Syria denied that the target was an arms shipment, saying the Israeli warplanes had bombed an unspecified “scientific research center” near Damascus, the capital, leaving two people dead and five injured. With Syria largely closed to international journalists, it was impossible to independently verify either account.

Syrian officials made a formal complaint to the United Nations about the attack, while Syria’s ambassador to Lebanon said a “surprise” response could be in the offing, although he offered no details.

Maoz said the strike might have been coordinated with the U.S. and Turkey. He and other Israeli security experts predicted that Assad would be unable to retaliate. With his military consumed by conflict with opposition rebels, the Syrian leader would be hard pressed to wage war with a foreign adversary.
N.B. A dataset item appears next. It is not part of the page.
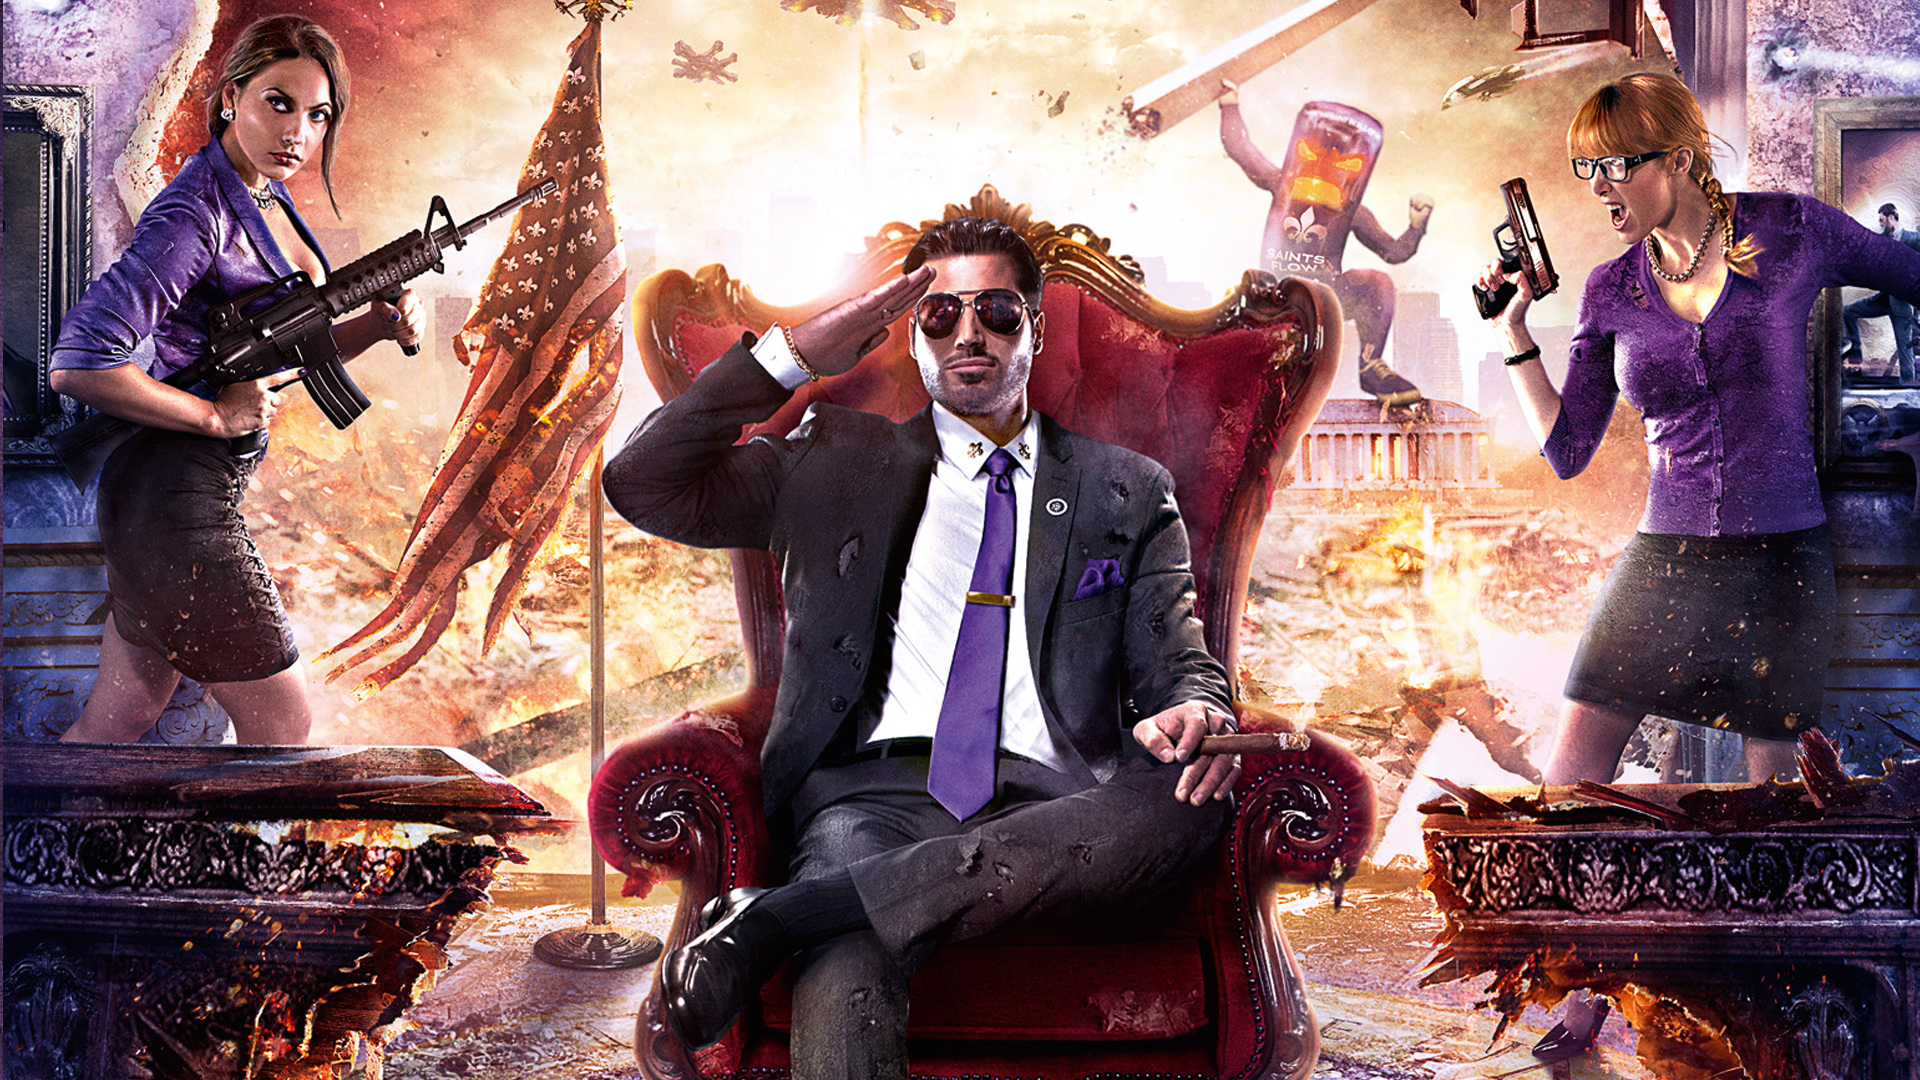 Buy Saints Row: Gat Out of Hell from the Humble Store

“Bashar is dealing with other things right now,” said Tel Aviv University’s Syria expert, Eyal Zisser.

In Washington, Deputy National Security Advisor Ben Rhodes said the United States had been “in very close contact with Israel” about the situation in Syria. Without confirming the Israeli strike, he said that the U.S. has made it “very clear that Syria should not further destabilize the region by transferring, for instance, weaponry to Hezbollah.”

Iran’s foreign minister, Ali Akbar Salehi, called the attack a “blatant violation … in line with the policy of the West and the Zionists,” reported Iran’s English-language Press TV.
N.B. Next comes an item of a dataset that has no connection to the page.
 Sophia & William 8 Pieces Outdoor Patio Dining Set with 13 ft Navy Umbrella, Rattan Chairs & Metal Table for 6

Hezbollah said the attack unveiled a “conspiracy against Damascus and our Arab and Muslim people,” according to the website of Hezbollah’s Al Manar TV.

Hezbollah and Israel fought a monthlong war in 2006. Since then, Hezbollah is widely believed to have bolstered its arsenal, receiving armaments, as well as training, from Iran. Syria has served as a conduit for Iranian arms destined for Hezbollah, say Western and Israeli authorities.